Design like you’re right…

It’s impossible not to think a lot about data these days. We’re generating it all the time, constantly. On our phones, on our televisions, on our laptops, in public spaces. And increasingly the best startups and Internet giants are using data to make better and better product decisions and designs.

Today at Greylock we announced that DJ Patil is joining us as Data Scientist in Residence, as far as I know the first time any VC has had a position quite like that. It’s a huge addition for us, and the expression of a bunch of deeply held beliefs about the state of the art in designing great products.

But as I talk about using data for design, I find that there’s a lot of misunderstanding about it — some people have the sense that it somehow makes designers less powerful, that you’re basing decisions based purely on mechanical measures rather than designer intuition and genius.

In my view, however, data is what makes designers not only strong, but primary. It’s what turns designers from artists into the most important decision makers in a company, because it’s understanding the data that lets you understand what your users are doing, how they’re using (or not using) your products, and what you can be doing better.

It made me think back a bit to my own training as a UX designer (we called it HCI then) at Stanford in the mid-nineties, when the field was just starting to develop. We would spent a lot of time on ethnography, need finding, doing paper prototypes and then doing basic mockups and user testing. And we’d get 80% of the way there then go and build it.

Nowadays, the state of the art is to still do need finding and some mockups early, but to get to a working prototype as quickly as you can, that’s instrumented so that you can tell what’s happening and figure out whether you’re on the right track or not.

I think that’s generally the right approach, but it’s worth noting: instrumented prototypes can really only get you to local maxima — they can help you find ways to tweak and optimize the basic design you’ve got, but they can never help you find a radically different and better solution.

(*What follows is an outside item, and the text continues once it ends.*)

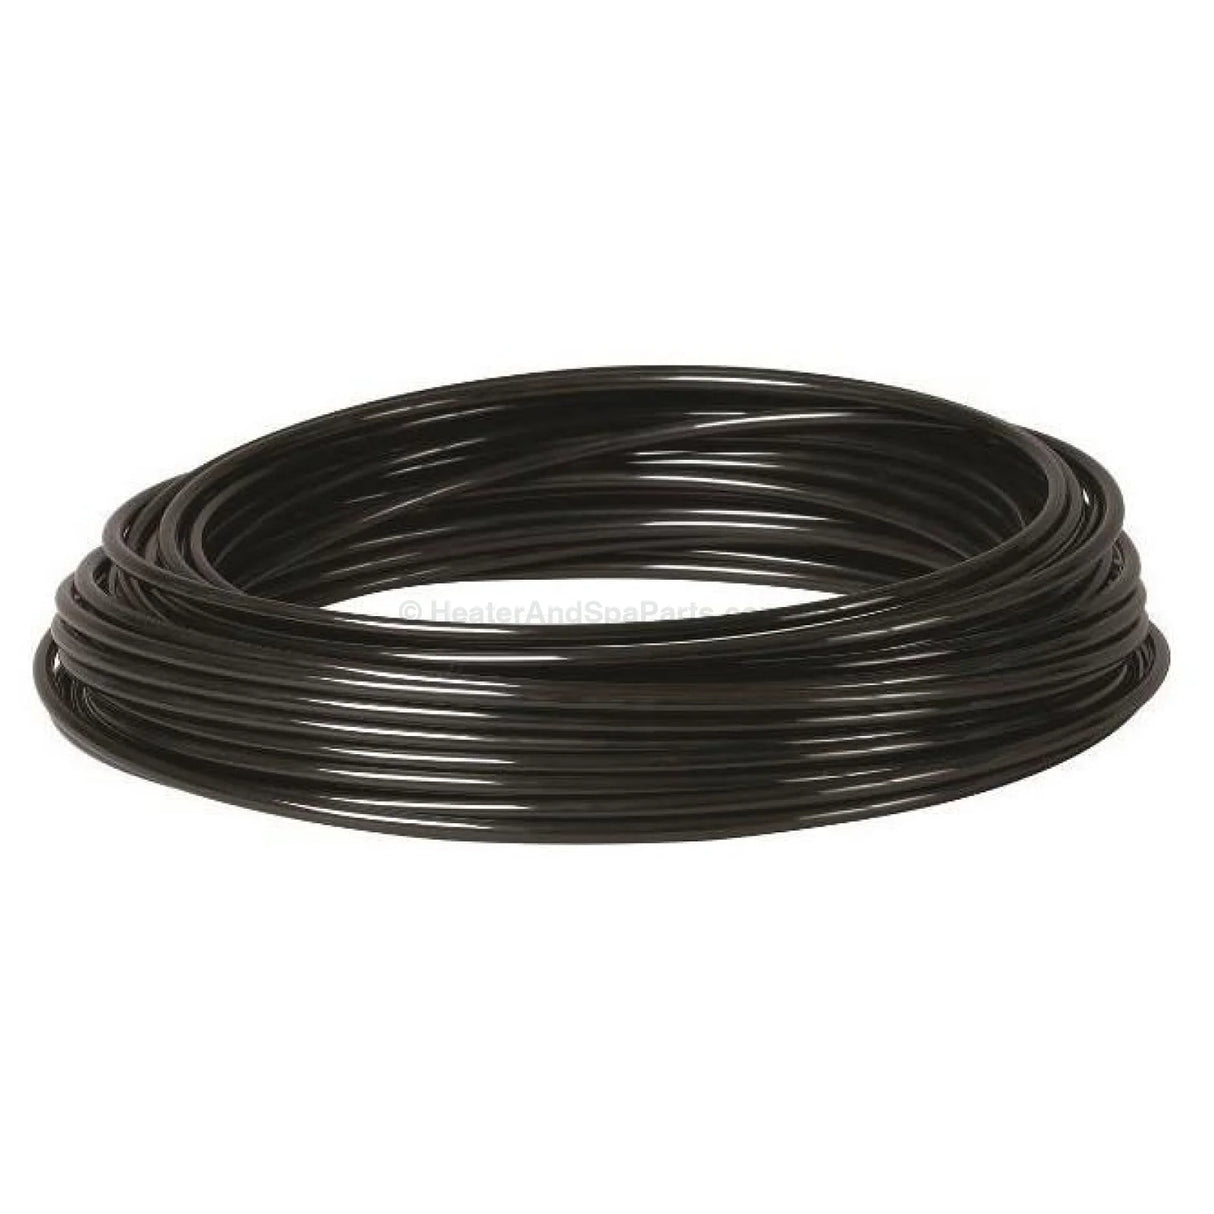 3-5mm Air Line Hose / Tube for Spa and Pool Air Switch Controls - Heater and Spa Parts
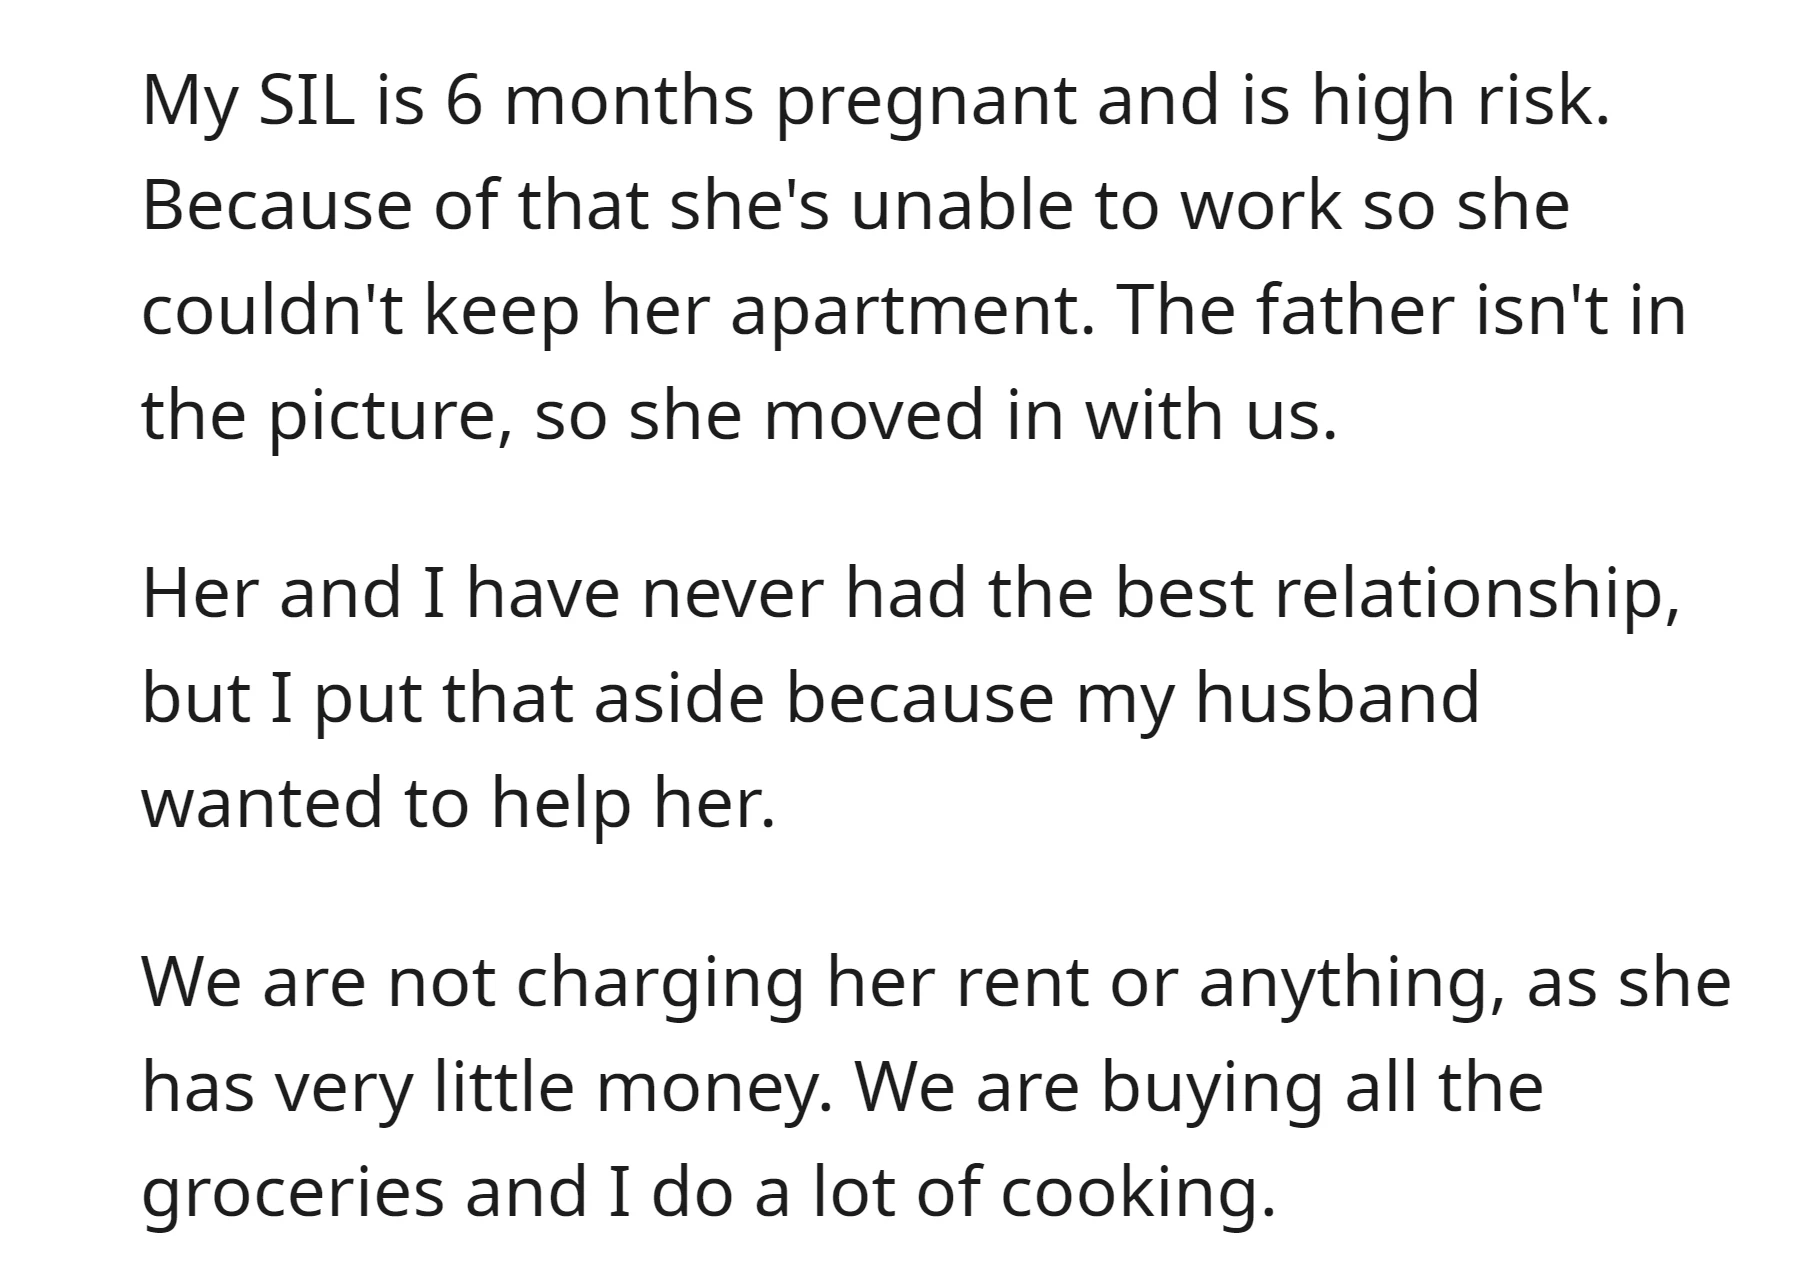 OP is providing support to their pregnant sister-in-law, who is high-risk and unable to work

So when I talk about using data — and I talk about it a LOT — what I’m talking about is a mixture of the artisan/designer-led designs along with using data to figure out what’s best.

Thinking about it the other day, I was reminded of one of my favorite sayings that I learned from Bob Sutton: “Fight like you’re right, listen like you’re wrong.” Bob’s an organizational theorist, and what he means is really a paraphrase of something that I think Andy Grove said, which is that he wanted all his people to have strong beliefs, loosely held. In other words, he always wanted people to come in with a point of view — a design, as it were — but to be willing to moved off of that point of view in the face of data.

So the modern, design oriented framing is this:

“Design like you’re right. Read the data like you’re wrong.”

In other words, you should always design the product you think/believe/know is what people want — there’s a genius in that activity that no instrumentation, no data report, no analysis will ever replace.  But at the same time you should be relentless in looking at the data on how people actually use what you’ve built, and you should be looking for things that show which assumptions you’ve made are wrong, because those are the clues to what can be made better. We all like to see all the up-and-to-the-right happy MBA charts, and those are important. But they don’t help you get any better than you already are.

I wish we taught more of this blend, because all of the products we use would get better.

So: design like you’re right; listen like you’re wrong.

One comment

  1. I can’t help but think that the user experience guys need to understand the second part; ‘listen like you are wrong’.

    Sometimes, trying to give them constructive criticism seems about as productive as bashing your head against a brick wall.